# Control variates

Short description: Technique for increasing the precision of estimates in Monte Carlo experiments

The control variates method is a variance reduction technique used in Monte Carlo methods. It exploits information about the errors in estimates of known quantities to reduce the error of an estimate of an unknown quantity. 

## Underlying principle

Let the unknown parameter of interest be $\displaystyle{ \mu }$, and assume we have a statistic $\displaystyle{ m }$ such that the expected value of m is μ: $\displaystyle{ \mathbb{E}\left[m\right]=\mu }$, i.e. m is an unbiased estimator for μ. Suppose we calculate another statistic $\displaystyle{ t }$ such that $\displaystyle{ \mathbb{E}\left[t\right]=\tau }$ is a known value. Then

$\displaystyle{ m^\star = m + c\left(t-\tau\right) \, }$

is also an unbiased estimator for $\displaystyle{ \mu }$ for any choice of the coefficient $\displaystyle{ c }$. The variance of the resulting estimator $\displaystyle{ m^{\star} }$ is

$\displaystyle{ \textrm{Var}\left(m^{\star}\right)=\textrm{Var}\left(m\right) + c^2\,\textrm{Var}\left(t\right) + 2c\,\textrm{Cov}\left(m,t\right). }$

By differentiating the above expression with respect to $\displaystyle{ c }$, it can be shown that choosing the optimal coefficient

$\displaystyle{ c^\star = - \frac{\textrm{Cov}\left(m,t\right)}{\textrm{Var}\left(t\right)} }$

minimizes the variance of $\displaystyle{ m^{\star} }$, and that with this choice,

\displaystyle{ \begin{align} \textrm{Var}\left(m^{\star}\right) & =\textrm{Var}\left(m\right) - \frac{\left[\textrm{Cov}\left(m,t\right)\right]^2}{\textrm{Var}\left(t\right)} \\ & = \left(1-\rho_{m,t}^2\right)\textrm{Var}\left(m\right) \end{align} }

where

$\displaystyle{ \rho_{m,t}=\textrm{Corr}\left(m,t\right) \, }$

is the correlation coefficient of $\displaystyle{ m }$ and $\displaystyle{ t }$. The greater the value of $\displaystyle{ \vert\rho_{m,t}\vert }$, the greater the variance reduction achieved.
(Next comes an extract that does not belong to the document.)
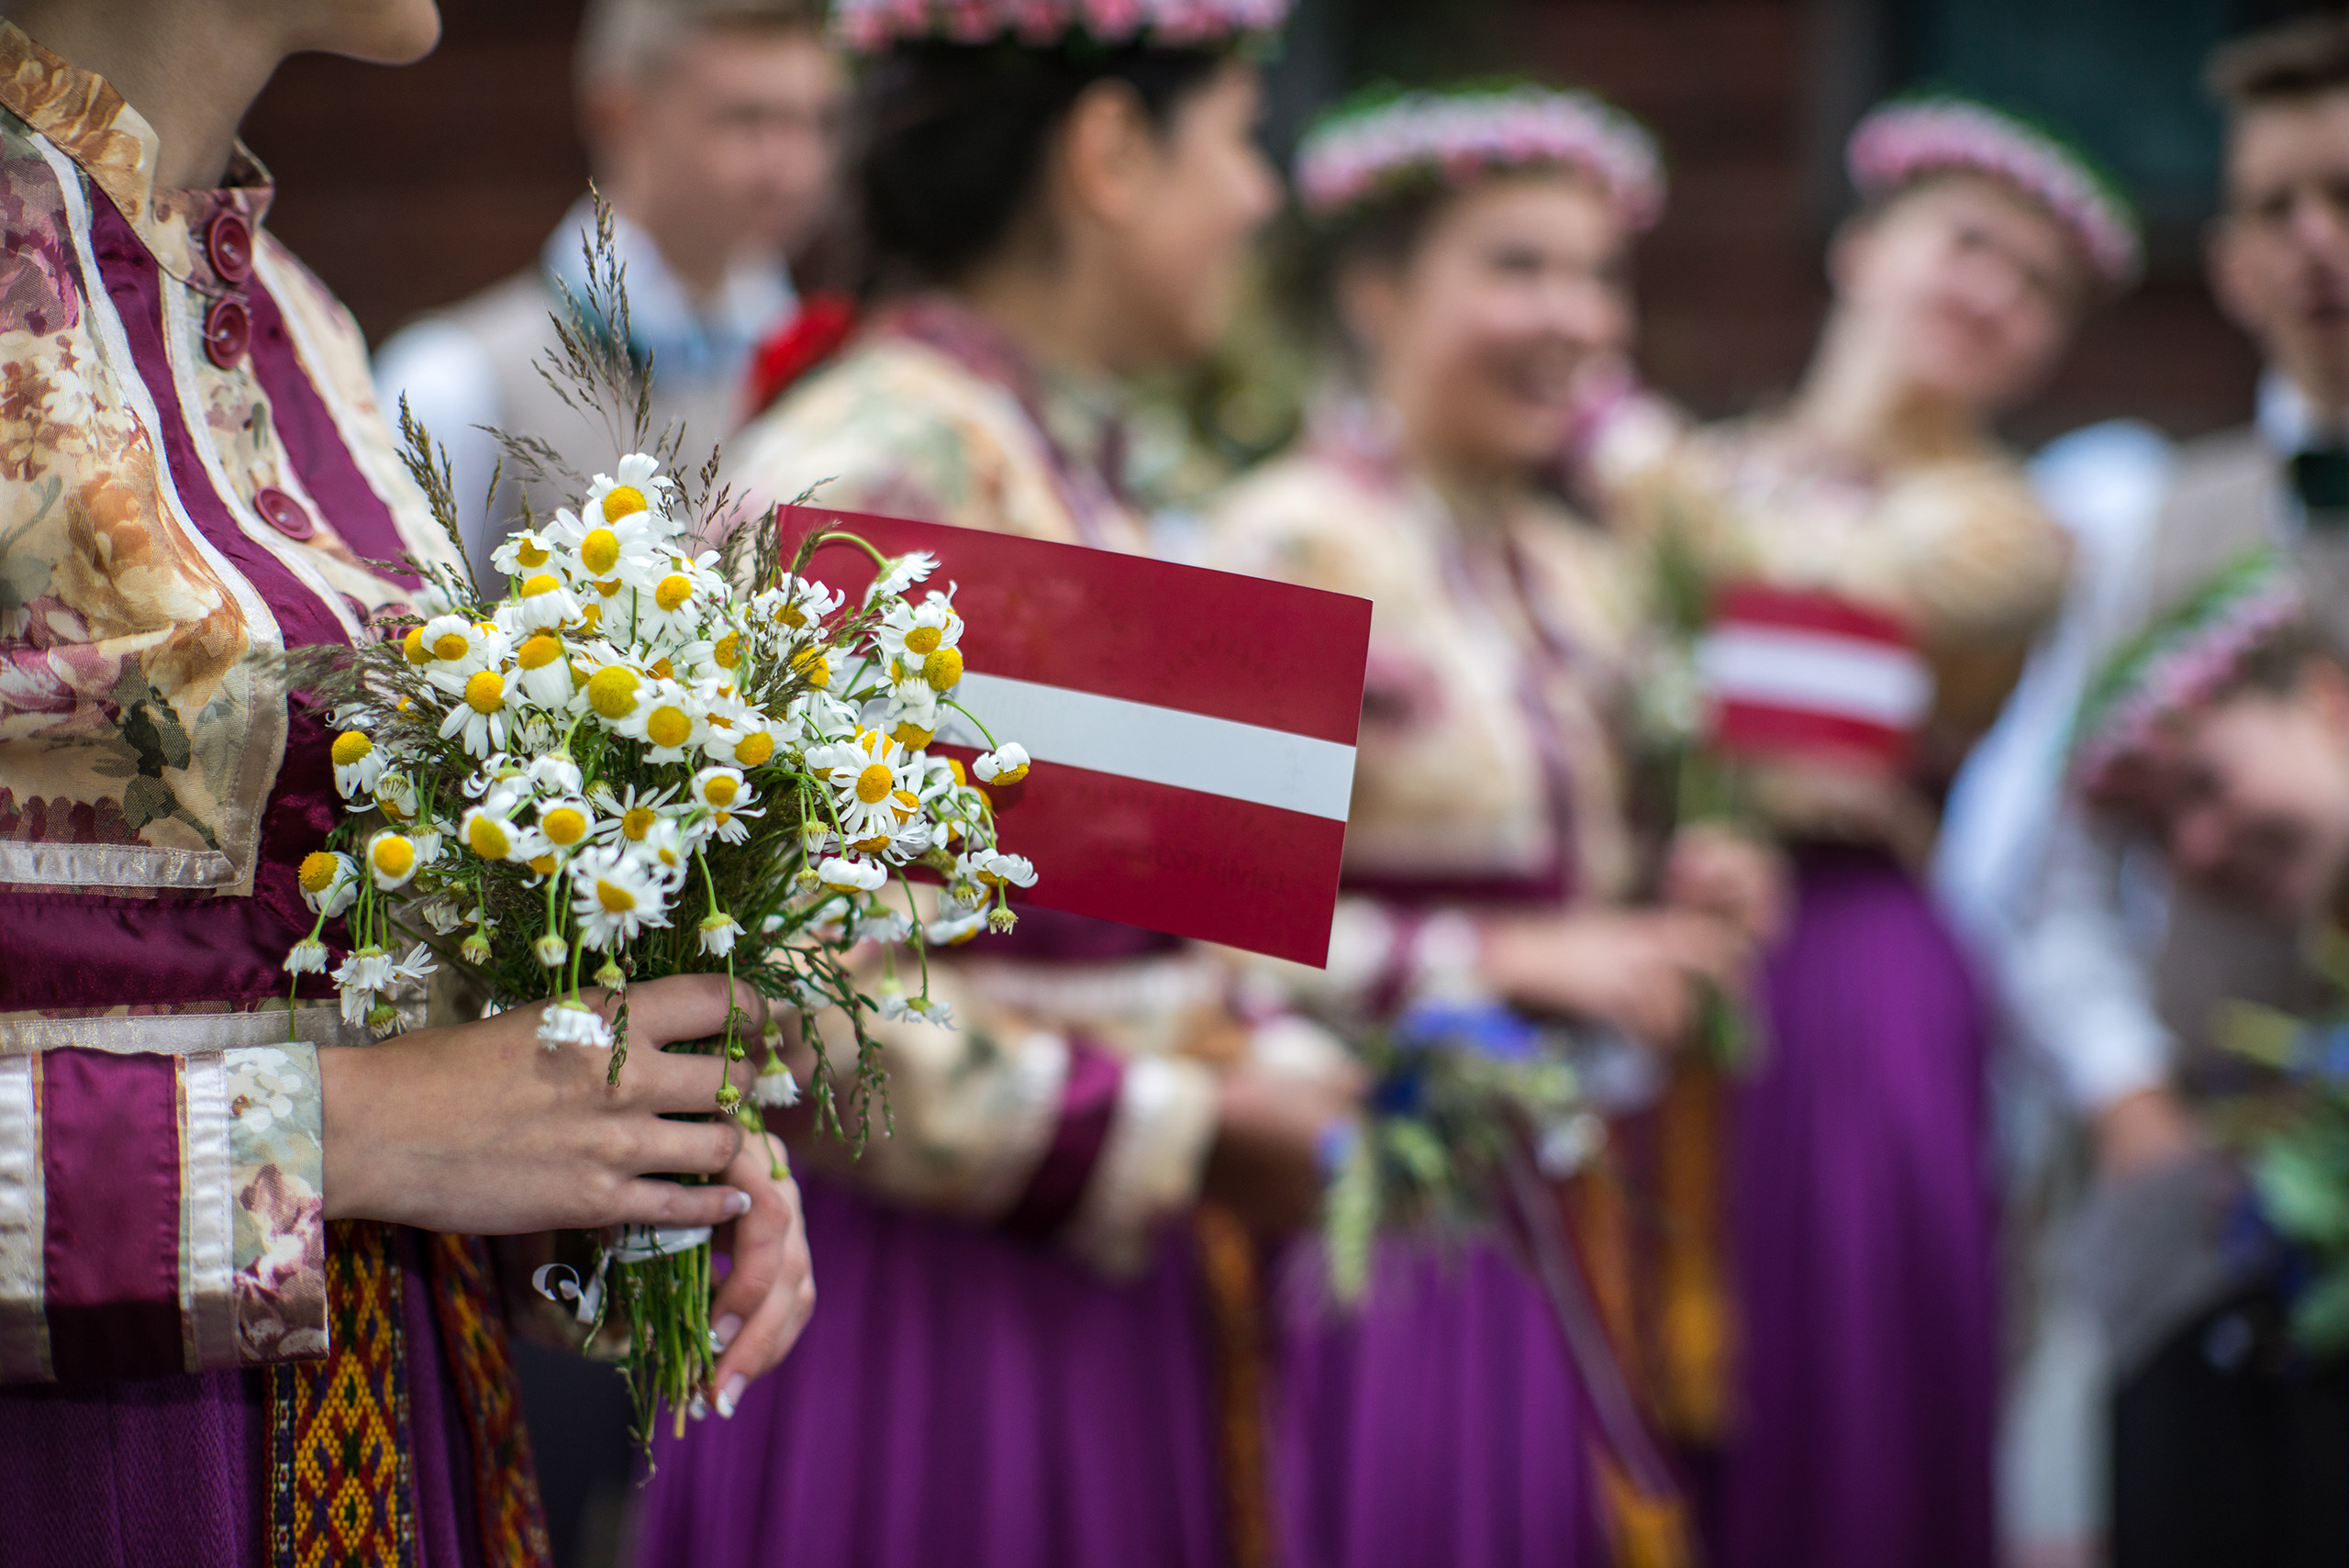 Elements of ornaments and flowers. Song and dance festival in Latvia. Procession in Riga. Latvia 100 years.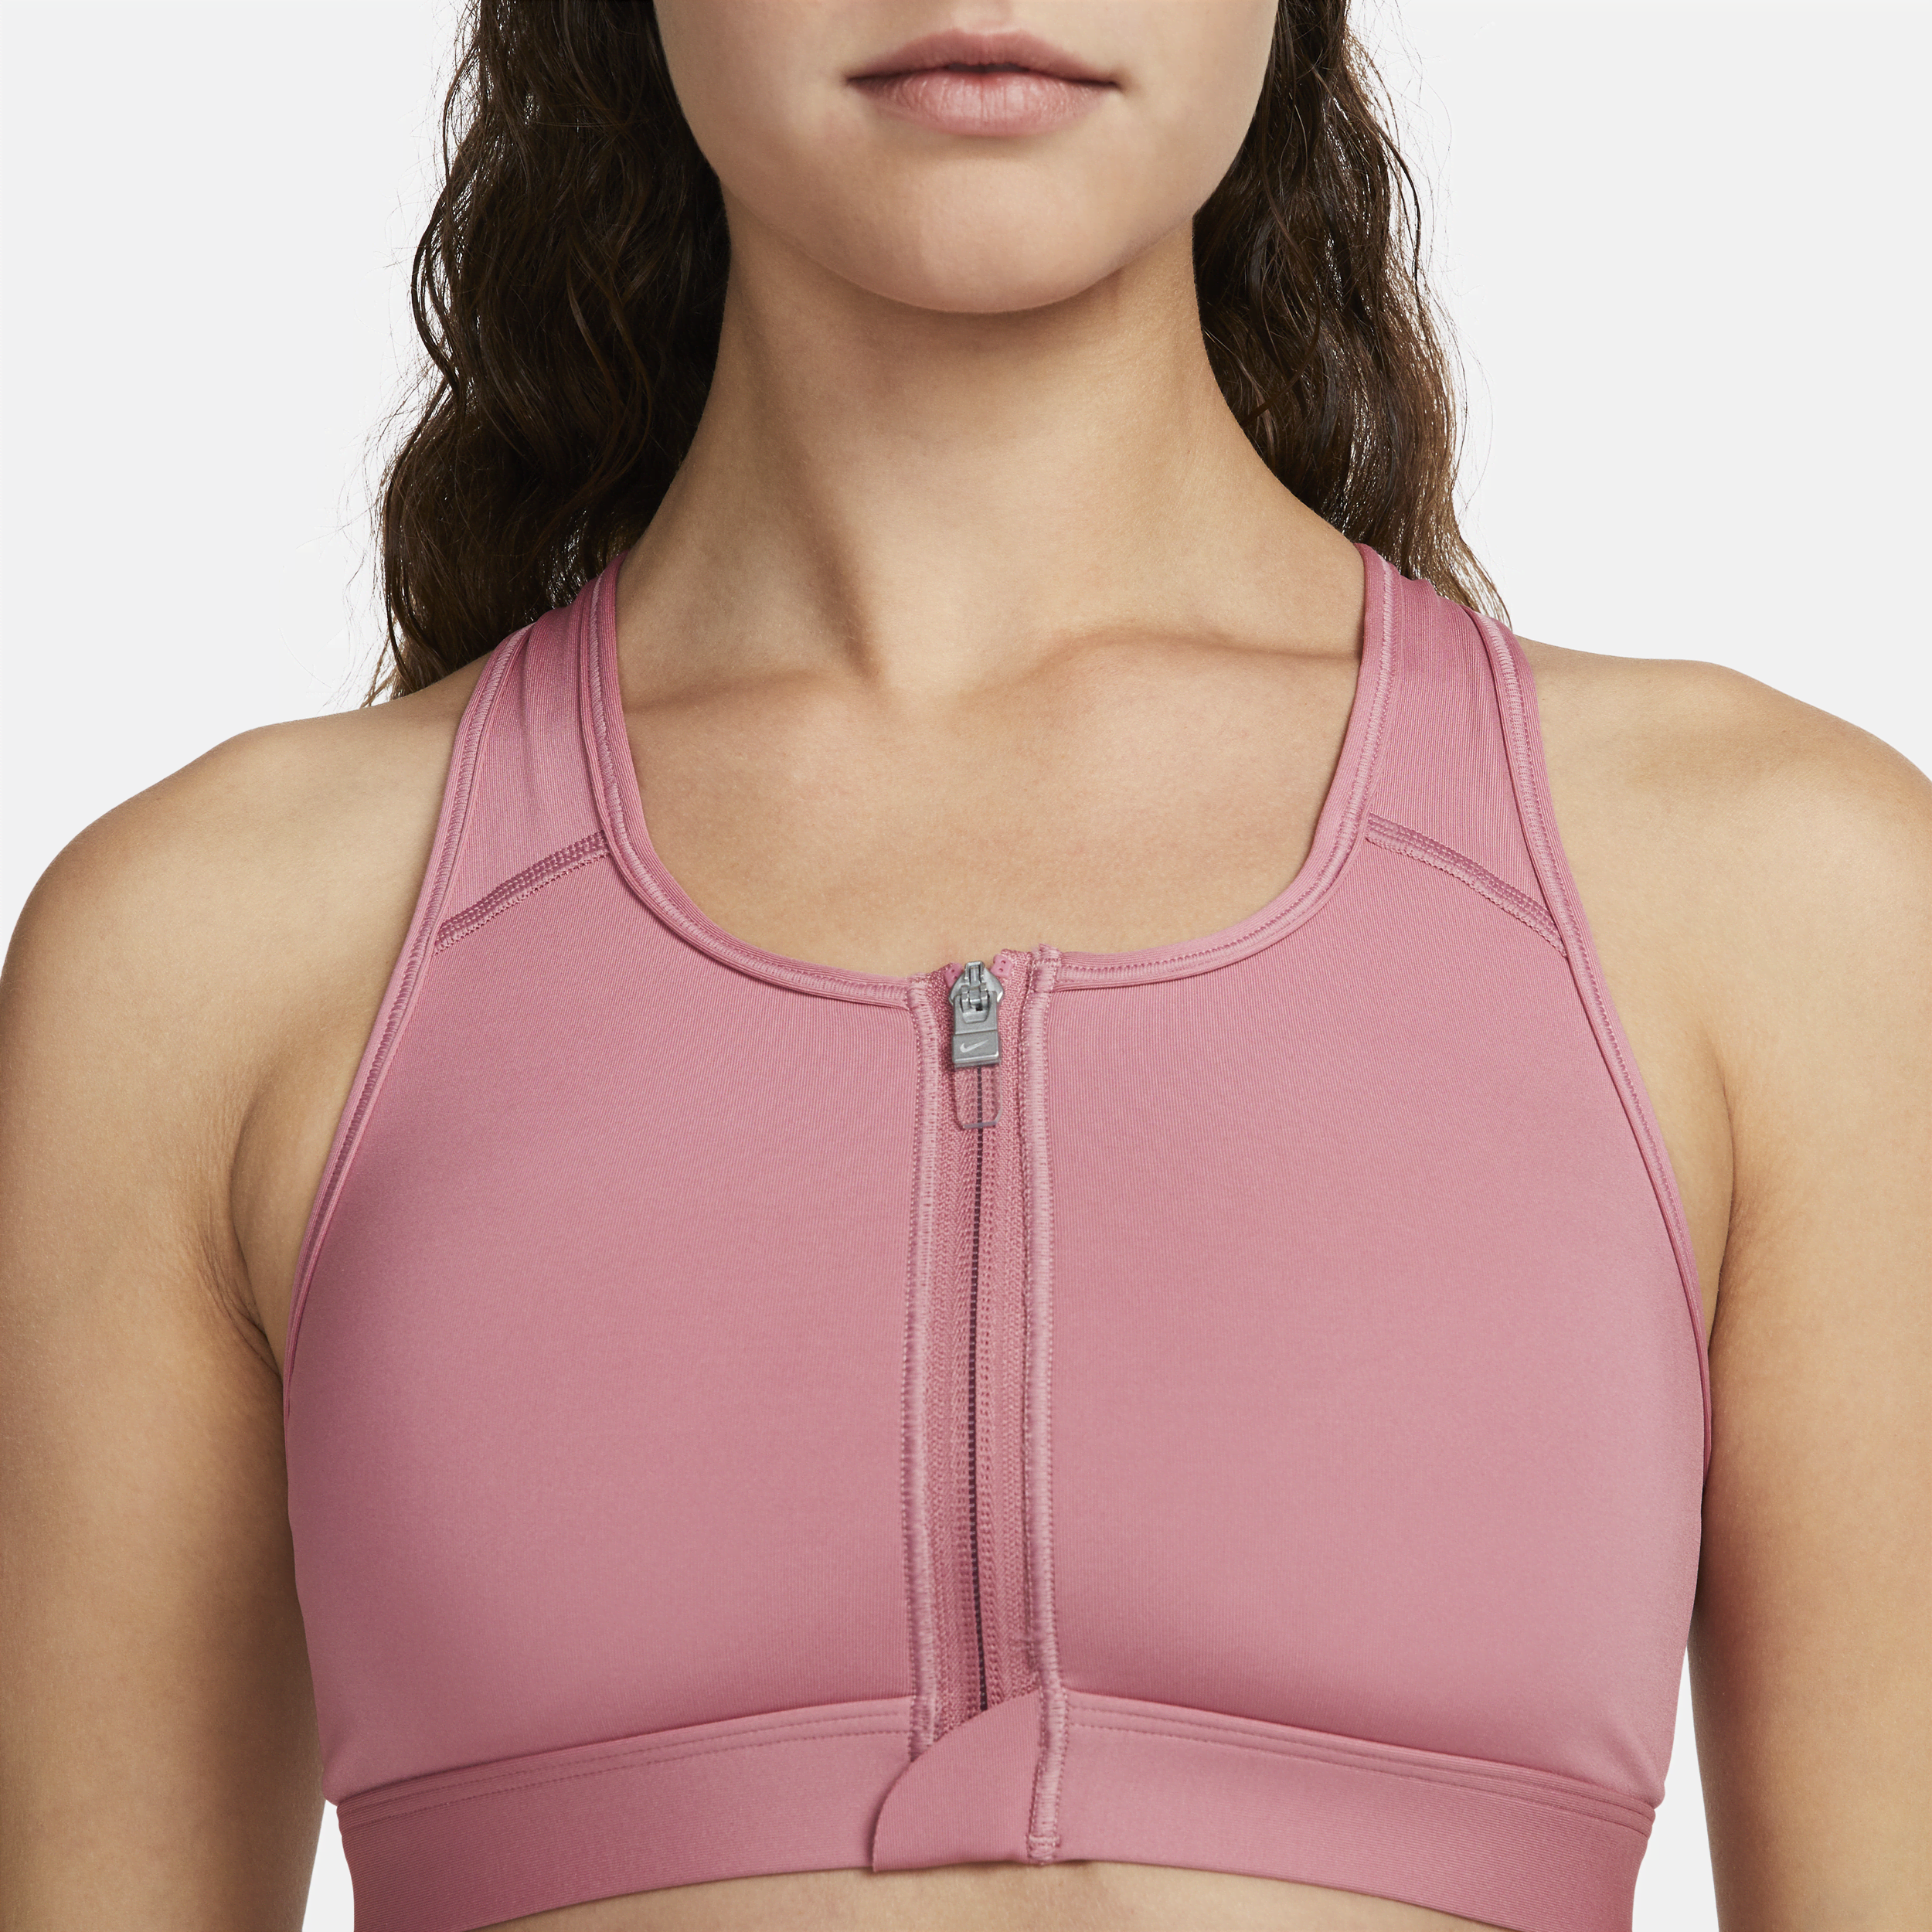  Women's Sports Bras - $25 To $50 / Women's Sports Bras /  Women's Bras: Clothing, Shoes & Jewelry

In the case that $\displaystyle{ \textrm{Cov}\left(m,t\right) }$, $\displaystyle{ \textrm{Var}\left(t\right) }$, and/or $\displaystyle{ \rho_{m,t}\; }$ are unknown, they can be estimated across the Monte Carlo replicates. This is equivalent to solving a certain least squares system; therefore this technique is also known as regression sampling.

When the expectation of the control variable, $\displaystyle{ \mathbb{E}\left[t\right]=\tau }$, is not known analytically, it is still possible to increase the precision in estimating $\displaystyle{ \mu }$ (for a given fixed simulation budget), provided that the two conditions are met: 1) evaluating $\displaystyle{ t }$ is significantly cheaper than computing $\displaystyle{ m }$; 2) the magnitude of the correlation coefficient $\displaystyle{ |\rho_{m,t}| }$ is close to unity. 

## Example

We would like to estimate

$\displaystyle{ I = \int_0^1 \frac{1}{1+x} \, \mathrm{d}x }$

using Monte Carlo integration. This integral is the expected value of $\displaystyle{ f(U) }$, where

$\displaystyle{ f(U) = \frac{1}{1+U} }$

and U follows a uniform distribution [0, 1]. Using a sample of size n denote the points in the sample as $\displaystyle{ u_1, \cdots, u_n }$. Then the estimate is given by

$\displaystyle{ I \approx \frac{1}{n} \sum_i f(u_i). }$

Now we introduce $\displaystyle{ g(U) = 1+U }$ as a control variate with a known expected value $\displaystyle{ \mathbb{E}\left[g\left(U\right)\right]=\int_0^1 (1+x) \, \mathrm{d}x=\tfrac{3}{2} }$ and combine the two into a new estimate

$\displaystyle{ I \approx \frac{1}{n} \sum_i f(u_i)+c\left(\frac{1}{n}\sum_i g(u_i) -3/2\right). }$

Using $\displaystyle{ n=1500 }$ realizations and an estimated optimal coefficient $\displaystyle{ c^\star \approx 0.4773 }$ we obtain the following results

 Estimate Variance Classical estimate 0.69475 0.01947 Control variates 0.69295 0.00060

The variance was significantly reduced after using the control variates technique. (The exact result is $\displaystyle{ I=\ln 2 \approx 0.69314718 }$.)